* About this task:
Given these entries, repeat exactly the lines starting with the one that has "Computer icons emoji" and going on through the one that has "Описание глаз человека красиво", both included, but none of the pictures.

* Dataset:
_ _ _ _

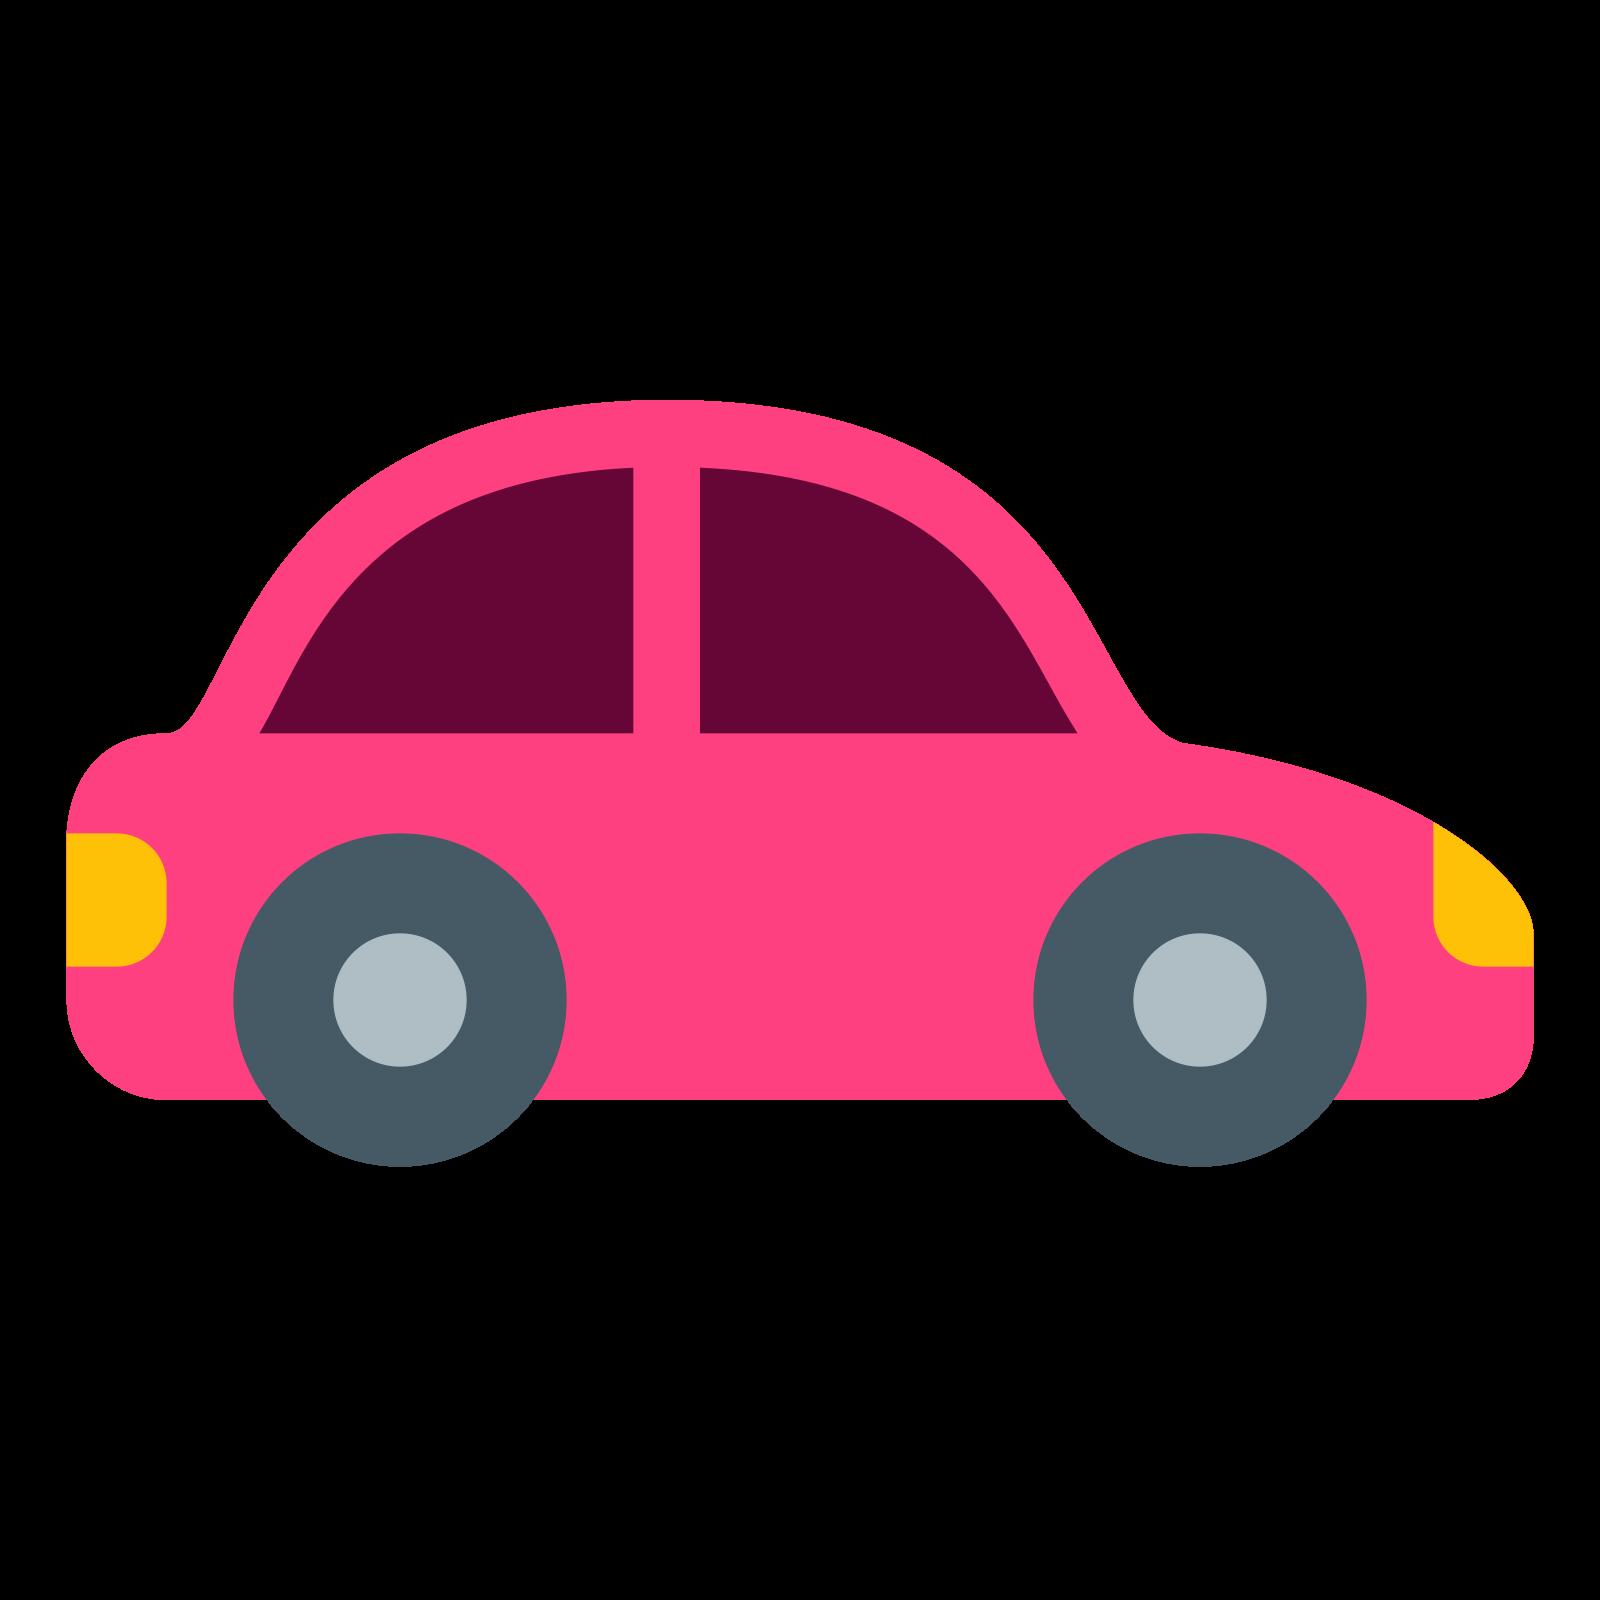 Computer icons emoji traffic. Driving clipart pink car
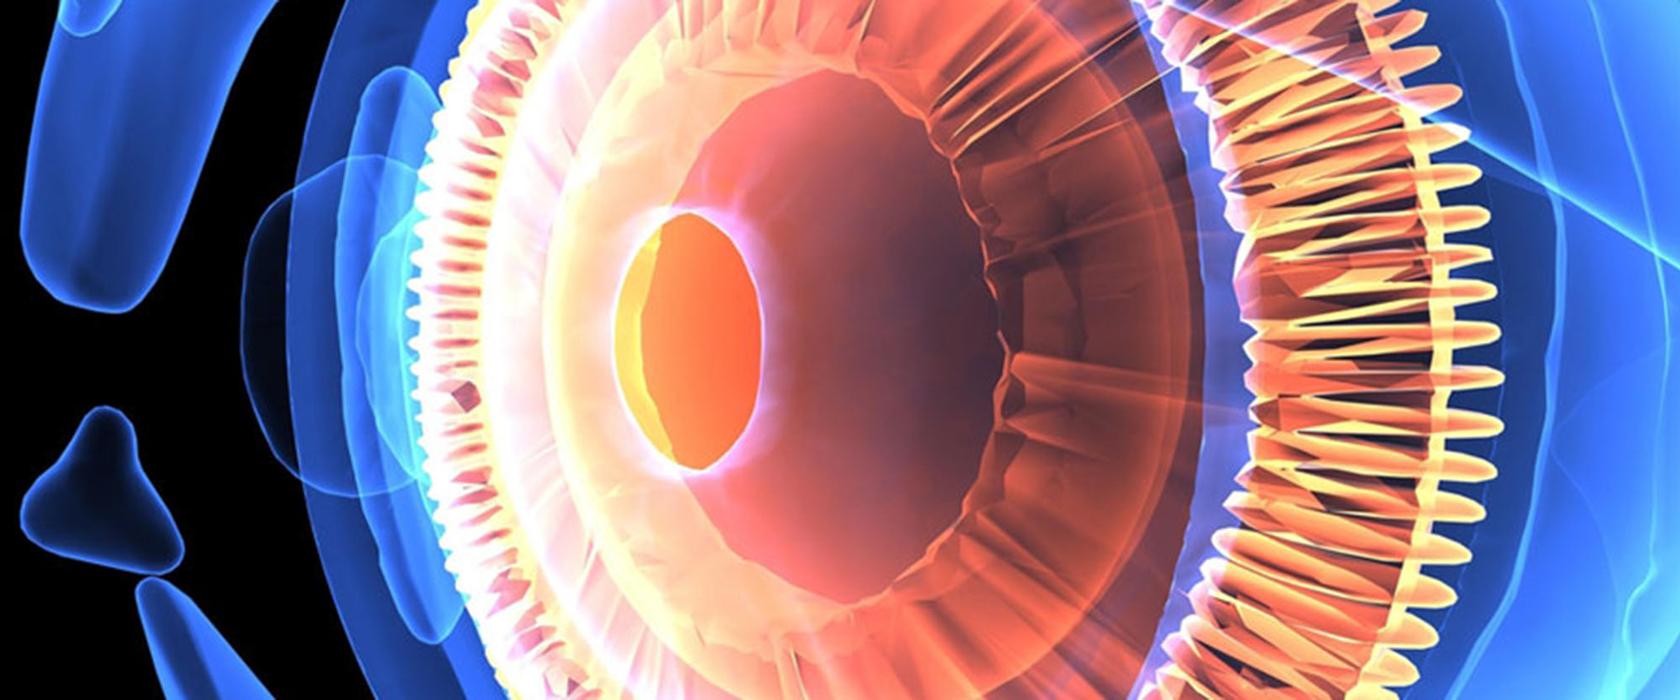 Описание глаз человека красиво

_ _ _ _

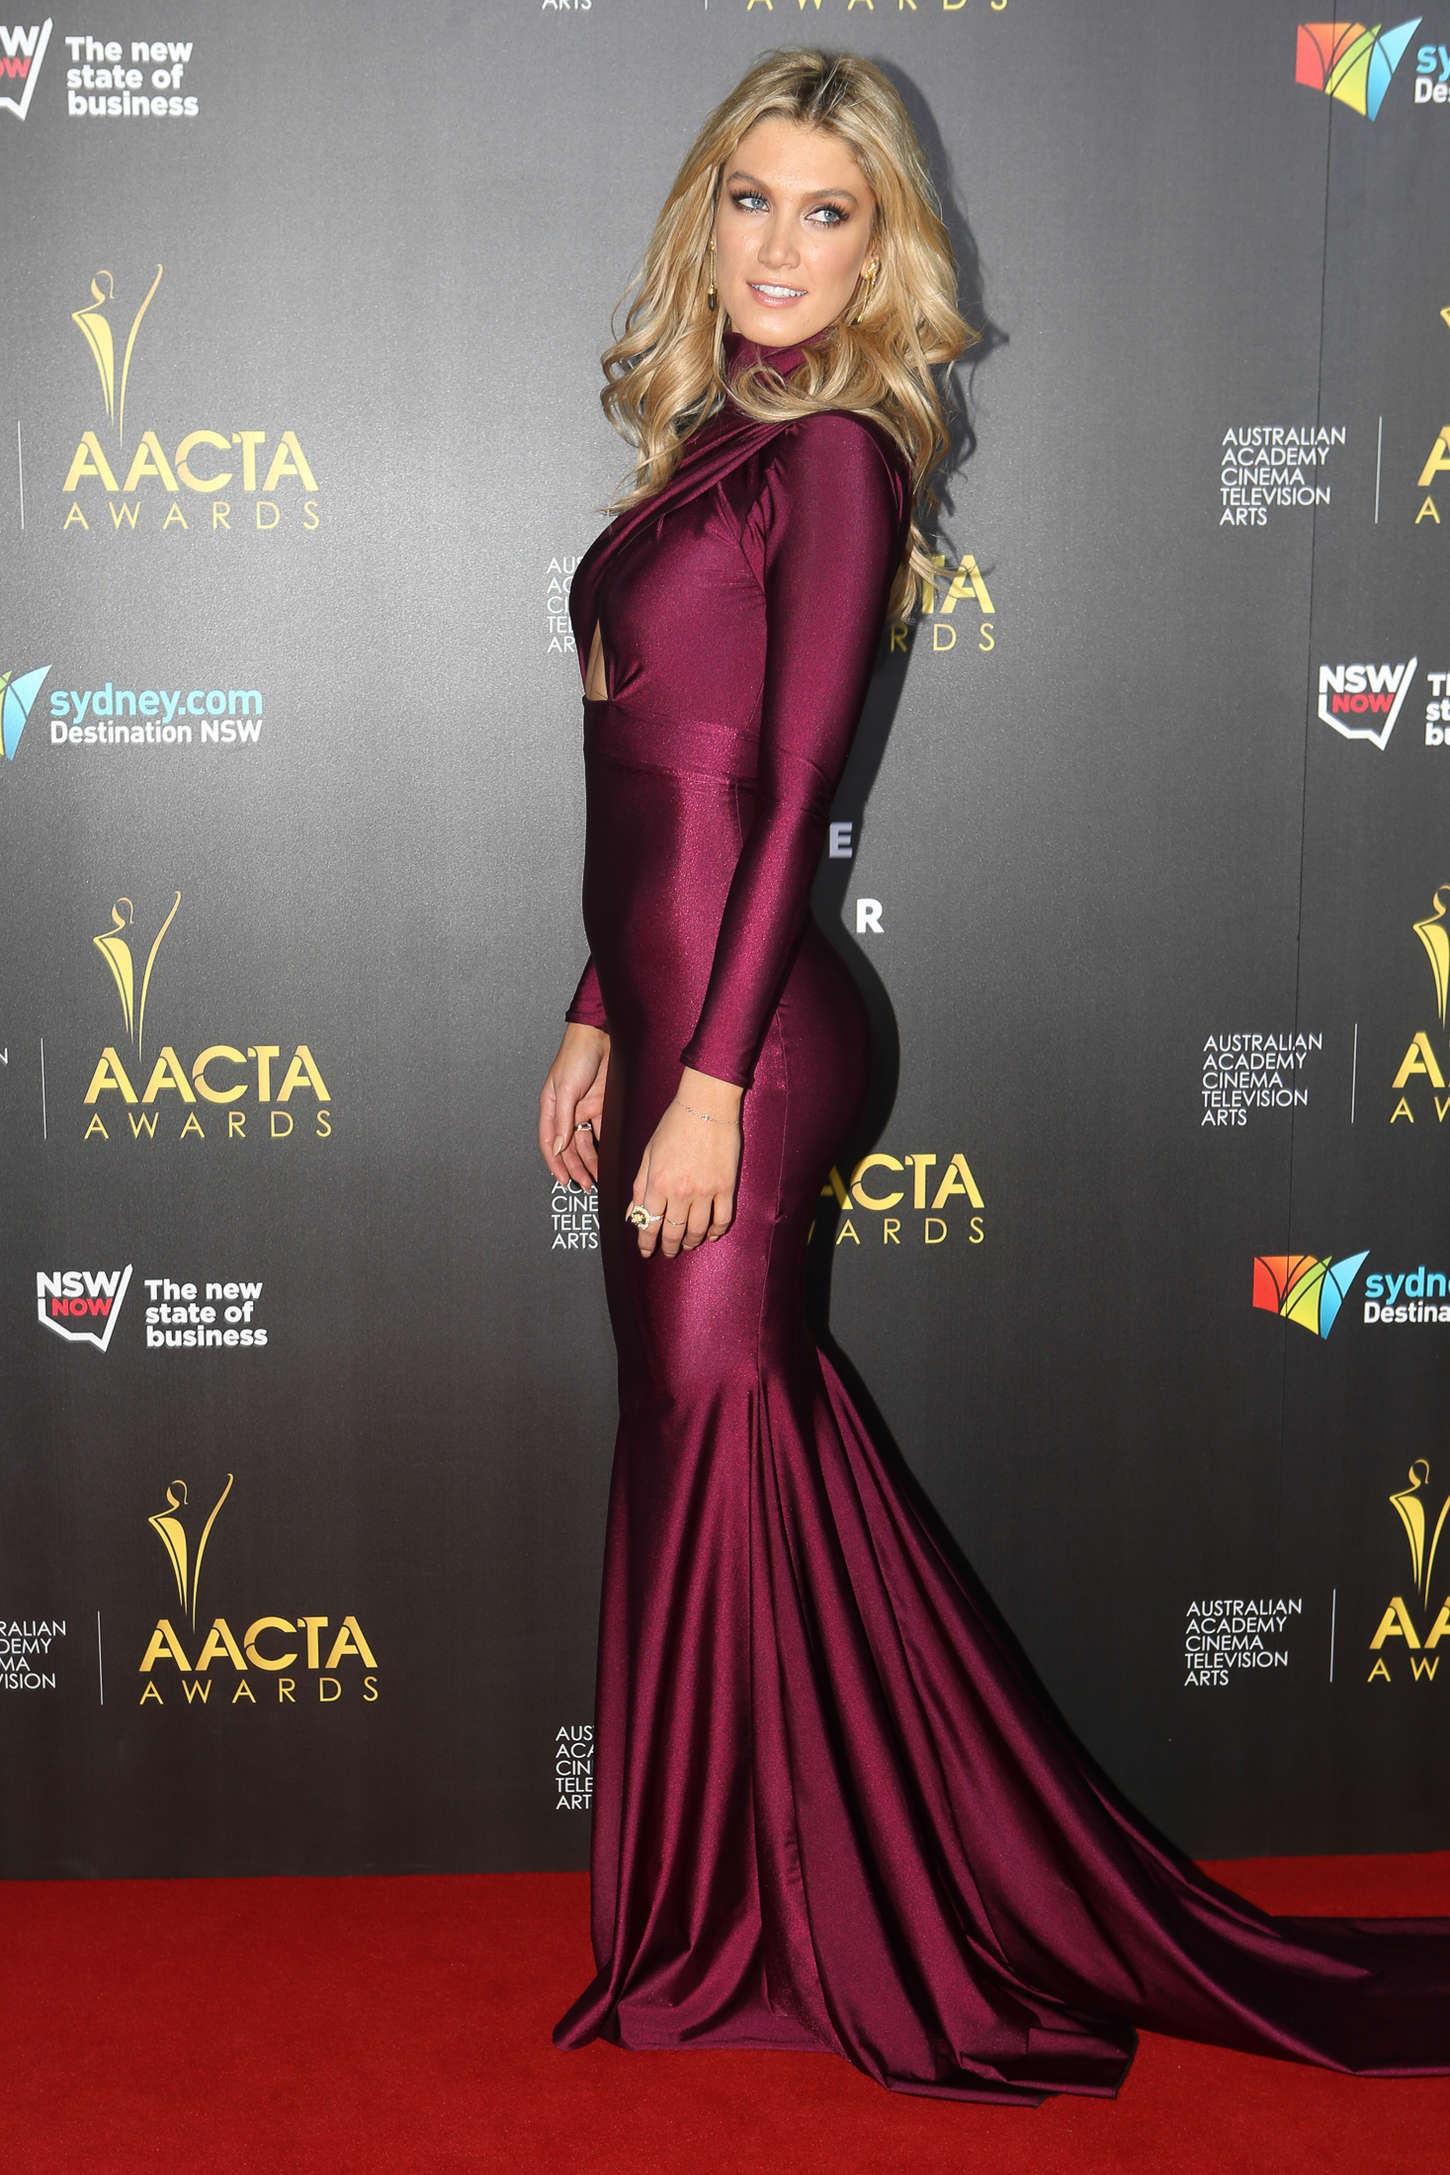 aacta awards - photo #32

_ _ _ _

* Result for this task:
 Computer icons emoji traffic. Driving clipart pink car
 Описание глаз человека красиво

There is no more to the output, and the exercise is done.